Update Fall 2024: I am actively looking for students + collaborators for Winter/Summer/Fall 2025. Please feel free to reach out (shengpu.tang [at] emory.edu)!
I am a tenure-track assistant professor of computer science at Emory University. My research focuses on developing and applying artificial intelligence methods to enhance decision making in healthcare, with a particular emphasis on reinforcement learning. Inspired by specific real-world use cases, my work identifies technical challenges and proposes novel solutions that are broadly relevant to fundamental AI/ML research. My past contributions span various technical areas including reinforcement learning (NeurIPS'23, ICML'23 workshops, NeurIPS'22 oral, NeurIPS'22 workshop, MLHC'21, ICML'20), time-series and sequence data modeling (MLHC'19), dataset bias (HealthAffairs'21), as well as translating AI solutions to advance precision medicine (IDWeek'24, AJS'21, JAMIA'20, JCO-CCI'20), with some work specifically addressing the COVID-19 pandemic (BMJ'22, AnnalsATS'20). I hope to apply my knowledge and expertise to interdisciplinary problems in healthcare and beyond.
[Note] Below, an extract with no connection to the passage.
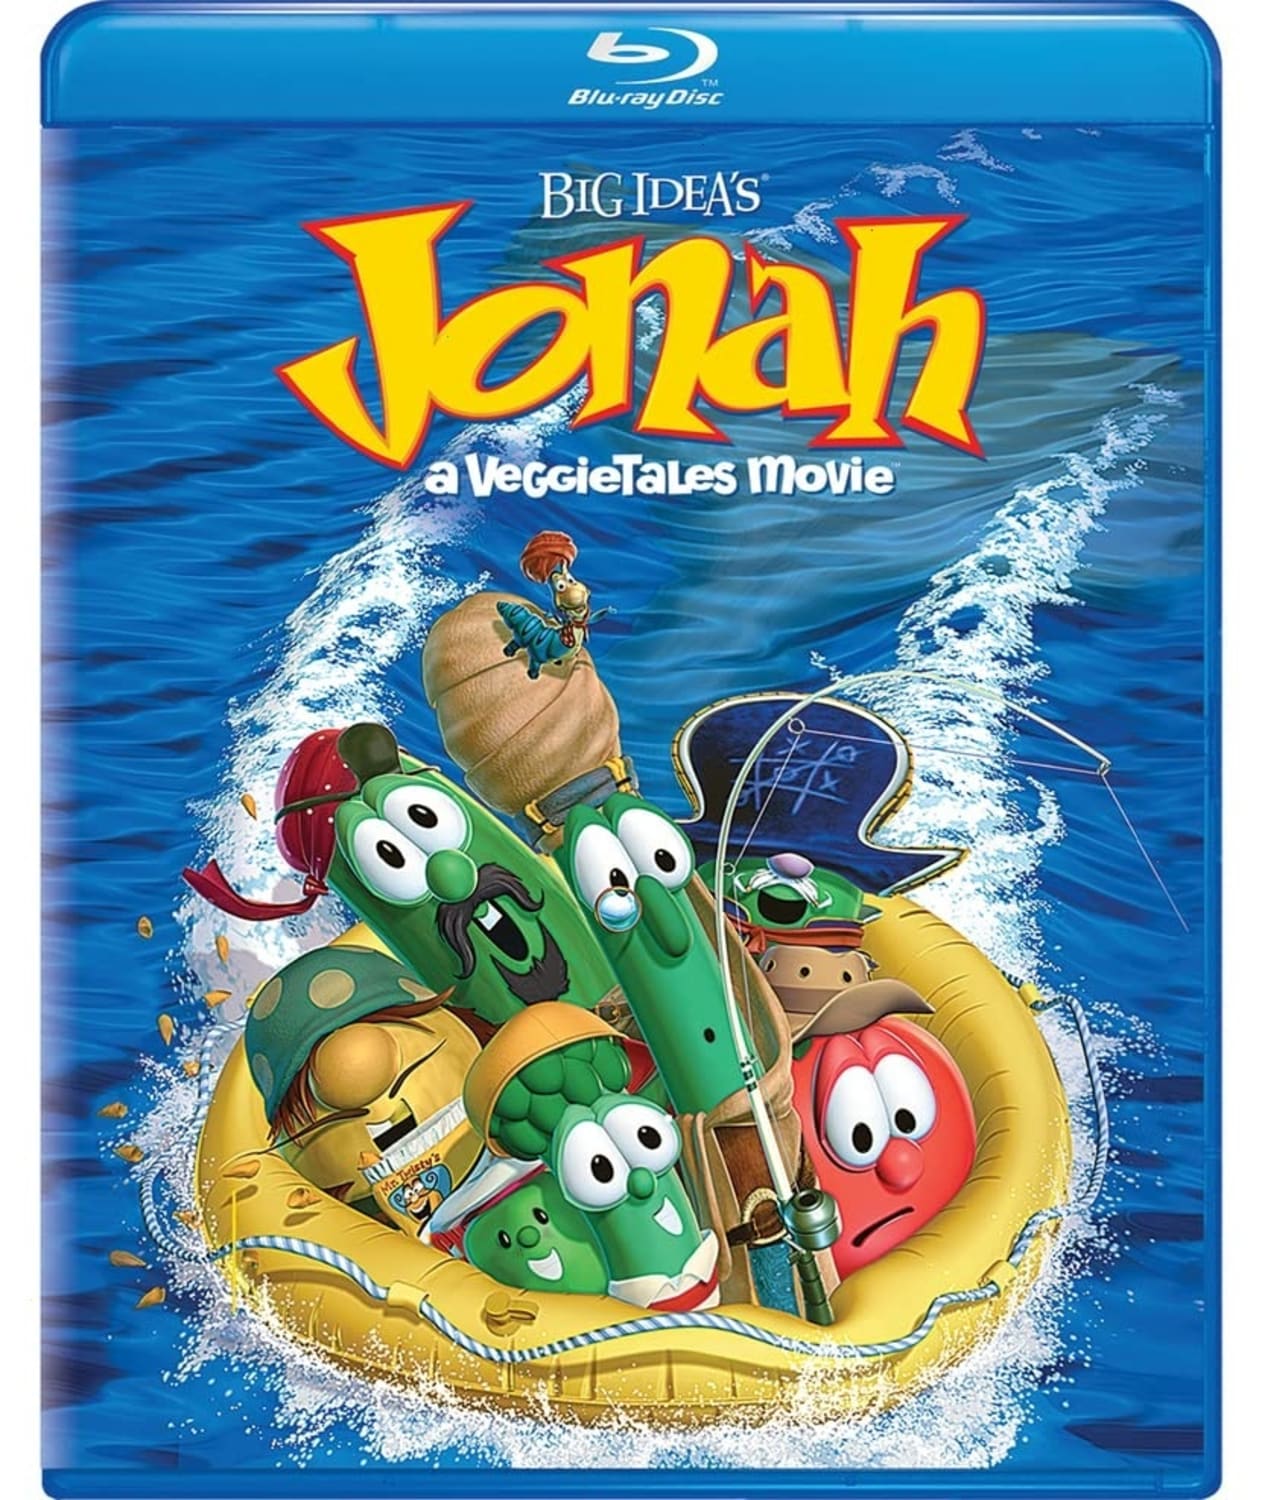 Jonah: A VeggieTales Movie (Blu-ray) on MovieShack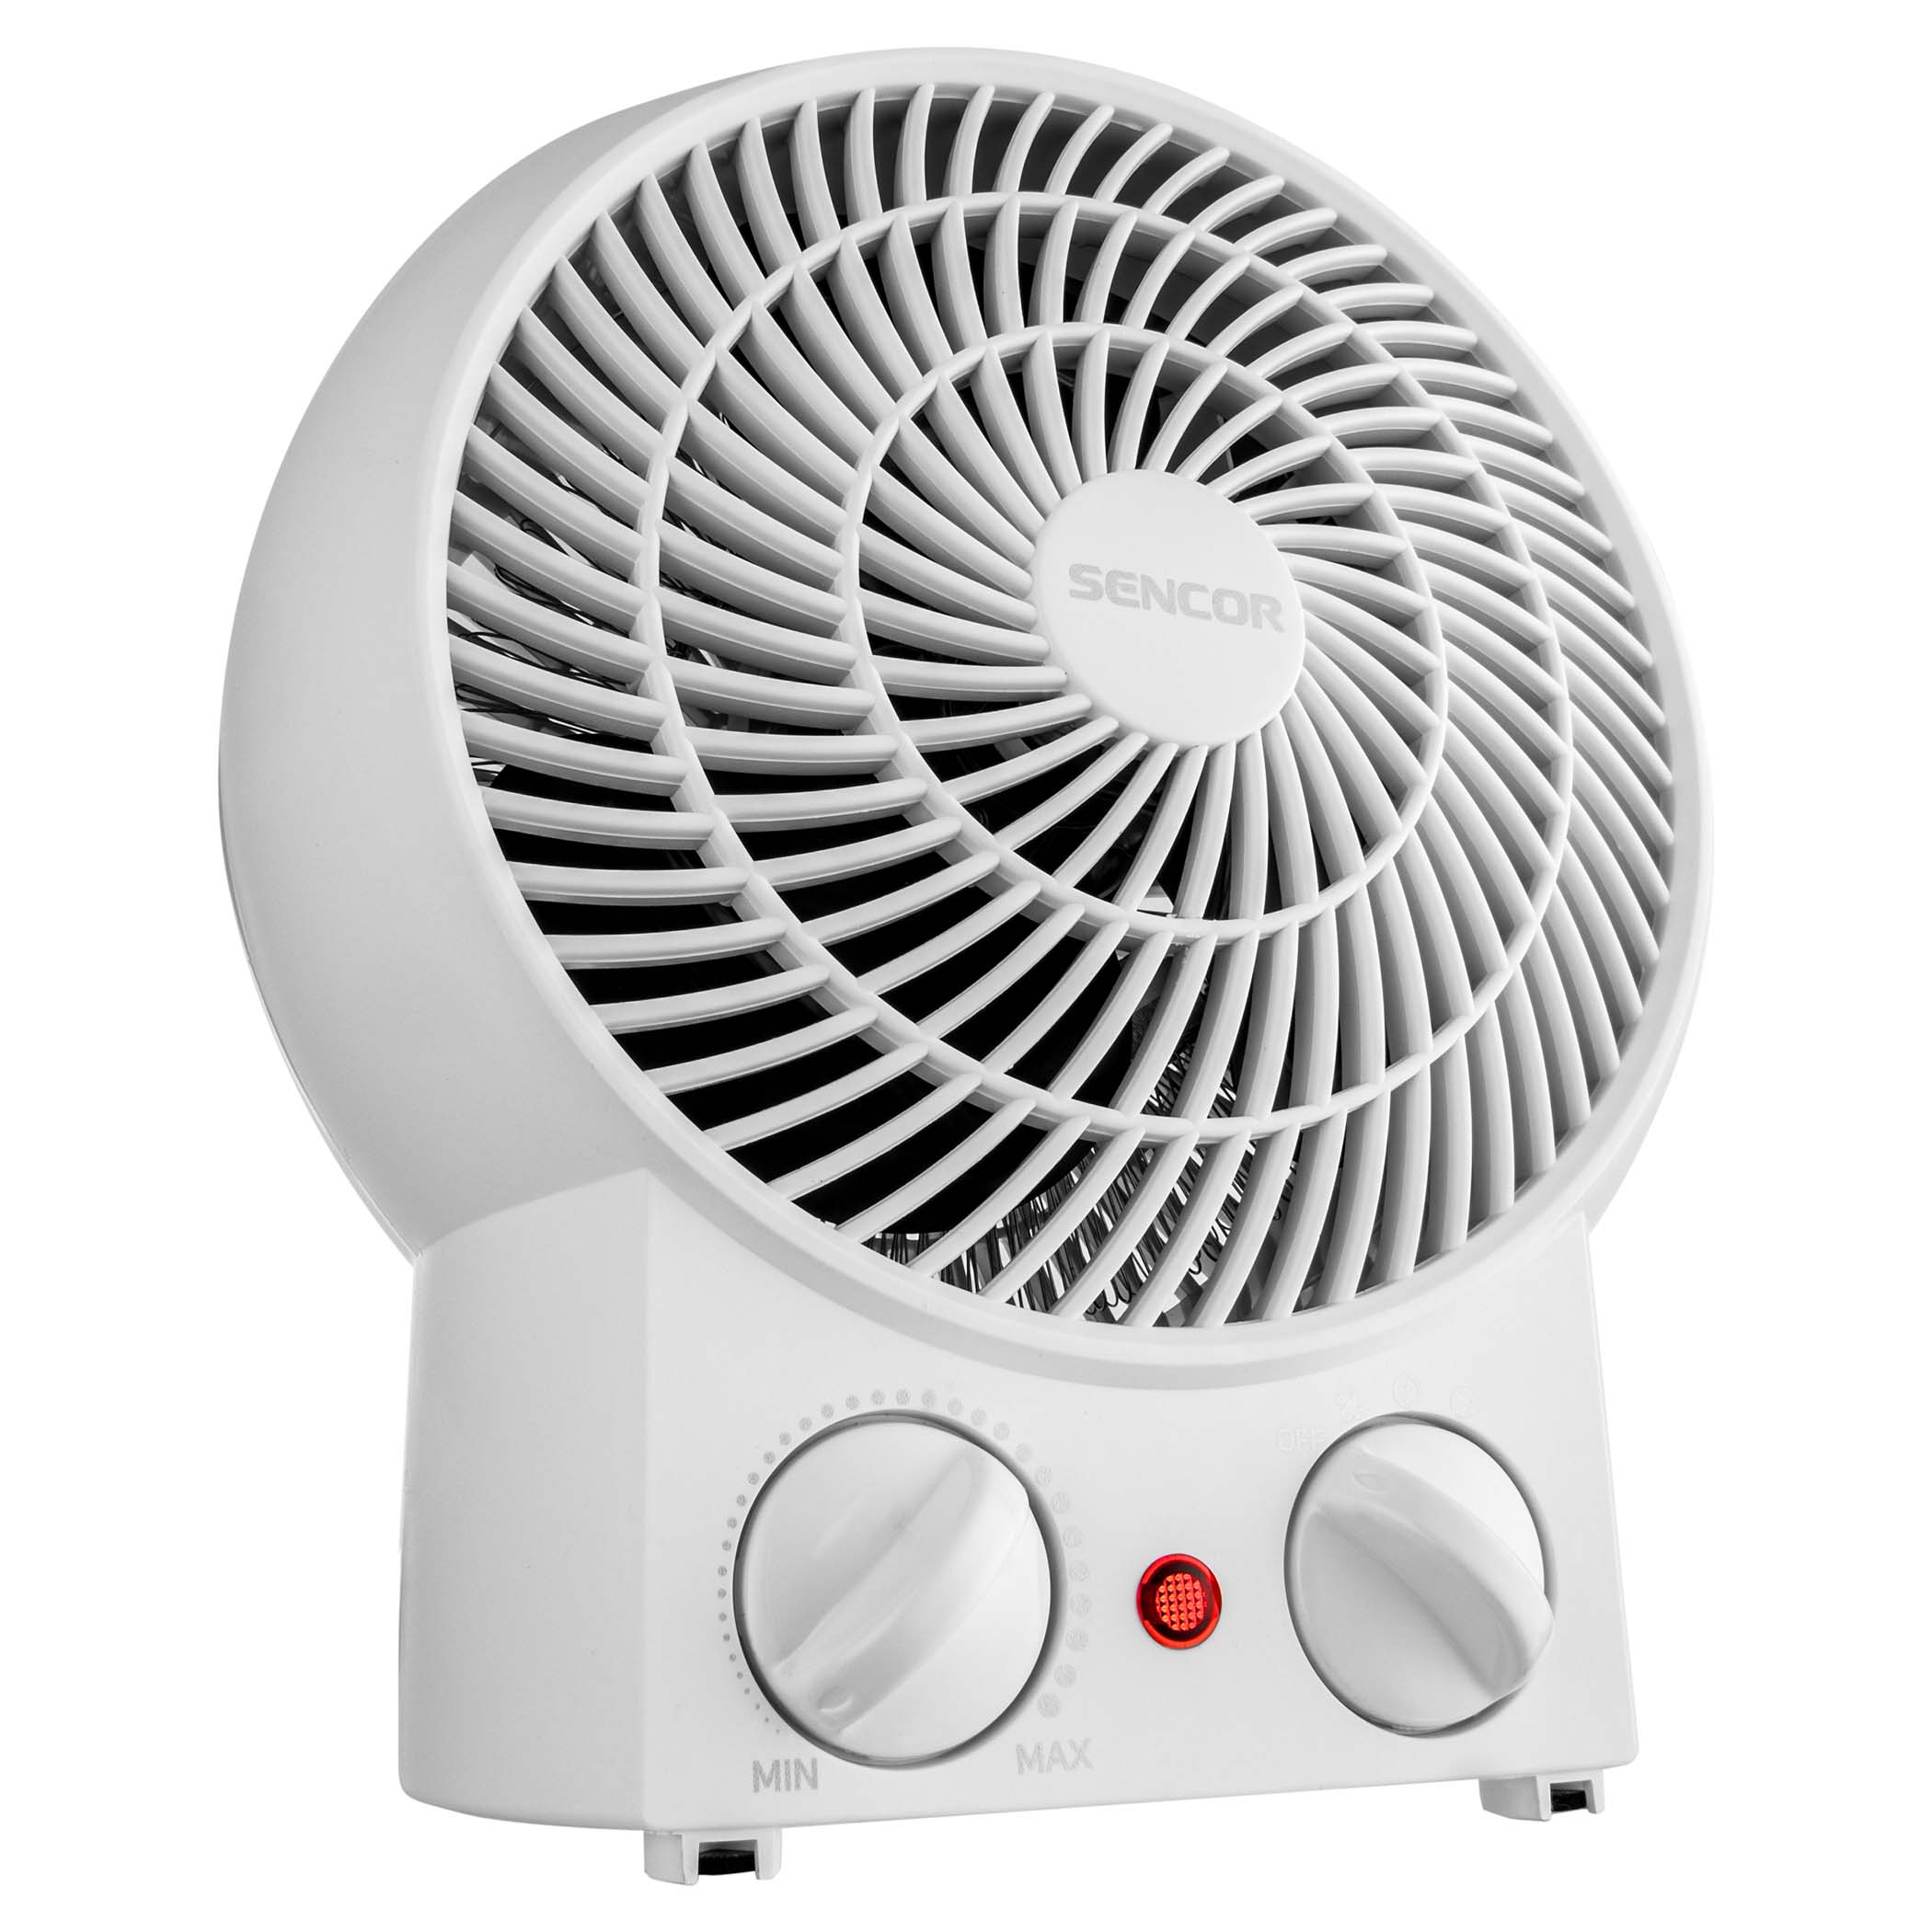 Ventilatore aria calda, SFH 7020WH

I served as a main organizer for the ML4H Symposium in 2022 and 2023, and as an area chair for CHIL 2024. I also regularly review for top-tier ML venues, including NeurIPS, ICML, ICLR, AAAI, AISTATS, KDD, MLHC, CHIL, TMLR, TKDD.
I am a "Triple Wolverine" - having done my bachelor's, master's, and PhD degrees all at University of Michigan. During my PhD, I was a member of the Machine Learning for Data-Driven Decisions (MLD3) research group led by Prof. Jenna Wiens, under the Michigan AI Lab. I also collaborated with Prof. Maggie Makar at UMich, Prof. Sonali Parbhoo at Imperial, and Prof. Finale Doshi-Velez at Harvard.